Seum C, Spierer A, Pauli D, Szidonya J, Reuter G, Spierer P
Department of Zoology and Animal Biology, University of Geneva, Switzerland.
Development. 1996 Jun;122(6):1949-56. doi: 10.1242/dev.122.6.1949.
A dominant mutation due to the insertion of a P-element at 93E on the third chromosome of Drosophila melanogaster enhances position-effect variegation. The corresponding gene was cloned by transposon tagging and the sequence of the transcript revealed that it corresponds to the gene encoding the transcriptional activator and cell cycle regulator dE2F. The transposon-tagged allele is homozygous viable, and the insertion of the transposon in an intron correlates with a strong reduction in the amount of transcript.
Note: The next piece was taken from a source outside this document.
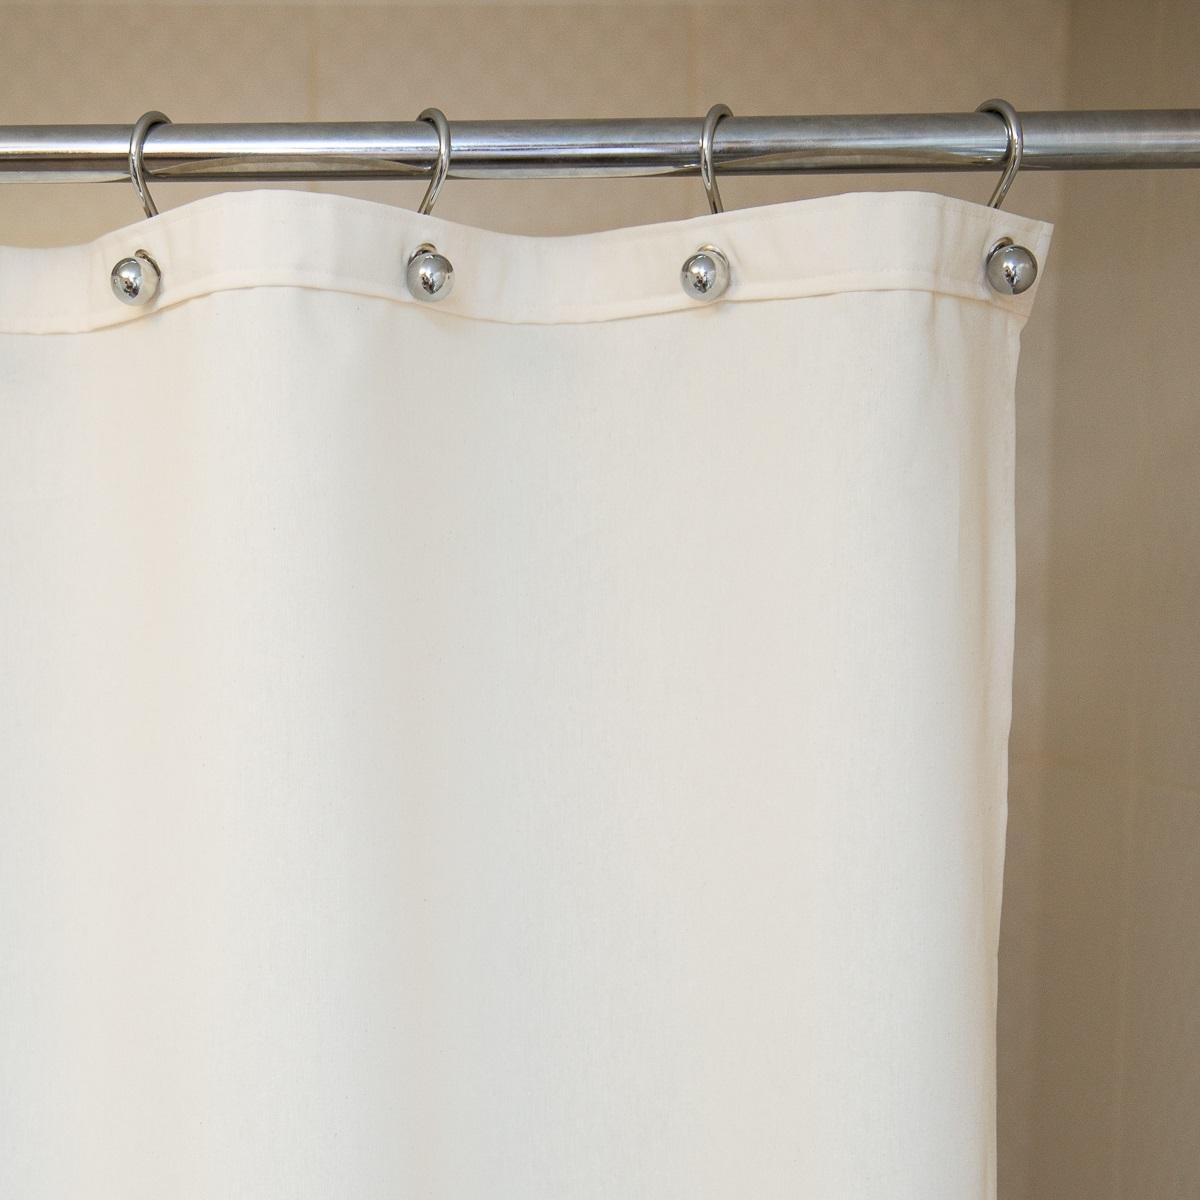 Шторки Защитная шторка для ванной 180х200 Arti-Deco Liso Beige elitnaya-shtorka-dlya-vannoy-240h200-liso-beige-ot-arti-deco-ispaniya.jpg
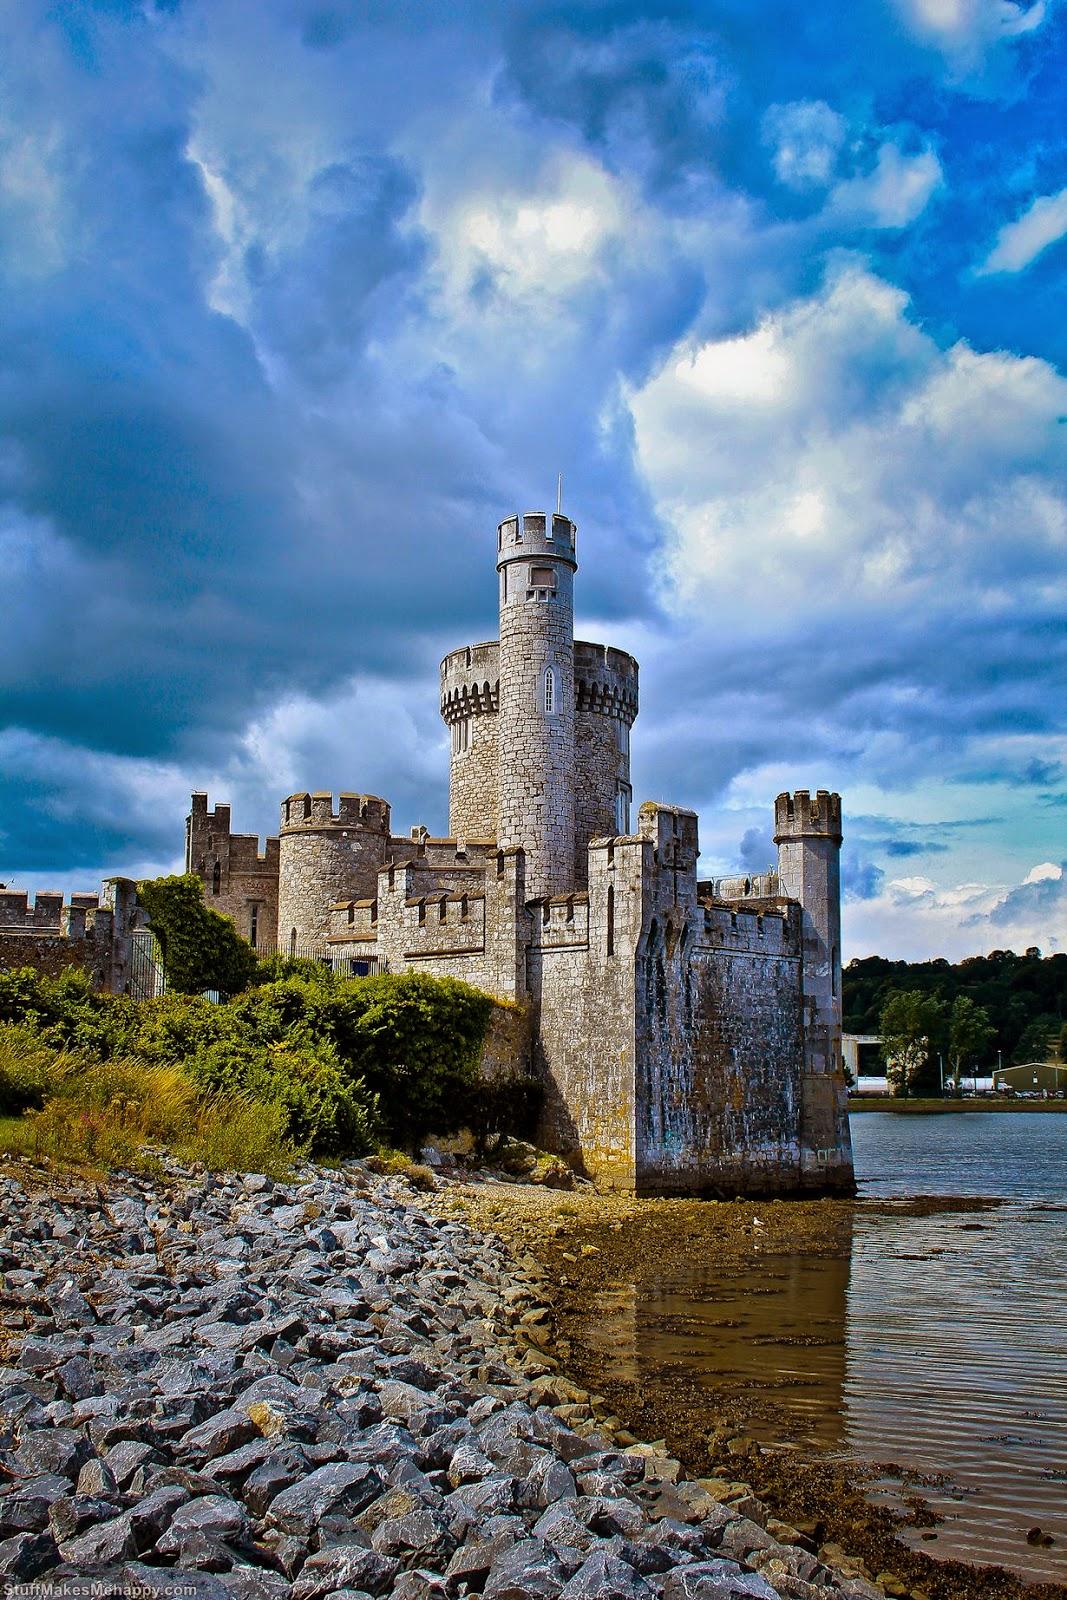 Blackrock Castle - Photo by John Hughes

A homozygous lethal null allele was found to behave as a strong enhancer when heterozygous. Overexpression of the gene in transgenic flies has the opposite effect of suppressing variegation. A link is established here, and discussed, between the dose of a transcriptional activator, which controls the cell cycle, and epigenetic silencing of chromosomal domains in Drosophila.
由于在黑腹果蝇第三条染色体93E位置插入一个P因子而导致的显性突变增强了位置效应斑驳。通过转座子标签法克隆了相应基因,转录本序列显示它对应于编码转录激活因子和细胞周期调节因子dE2F的基因。转座子标签等位基因纯合时可存活,转座子插入内含子与转录本数量的大幅减少相关。发现一个纯合致死无效等位基因在杂合时表现为强增强子。该基因在转基因果蝇中的过表达具有抑制斑驳的相反作用。本文建立并讨论了控制细胞周期的转录激活因子剂量与果蝇染色体结构域表观遗传沉默之间的联系。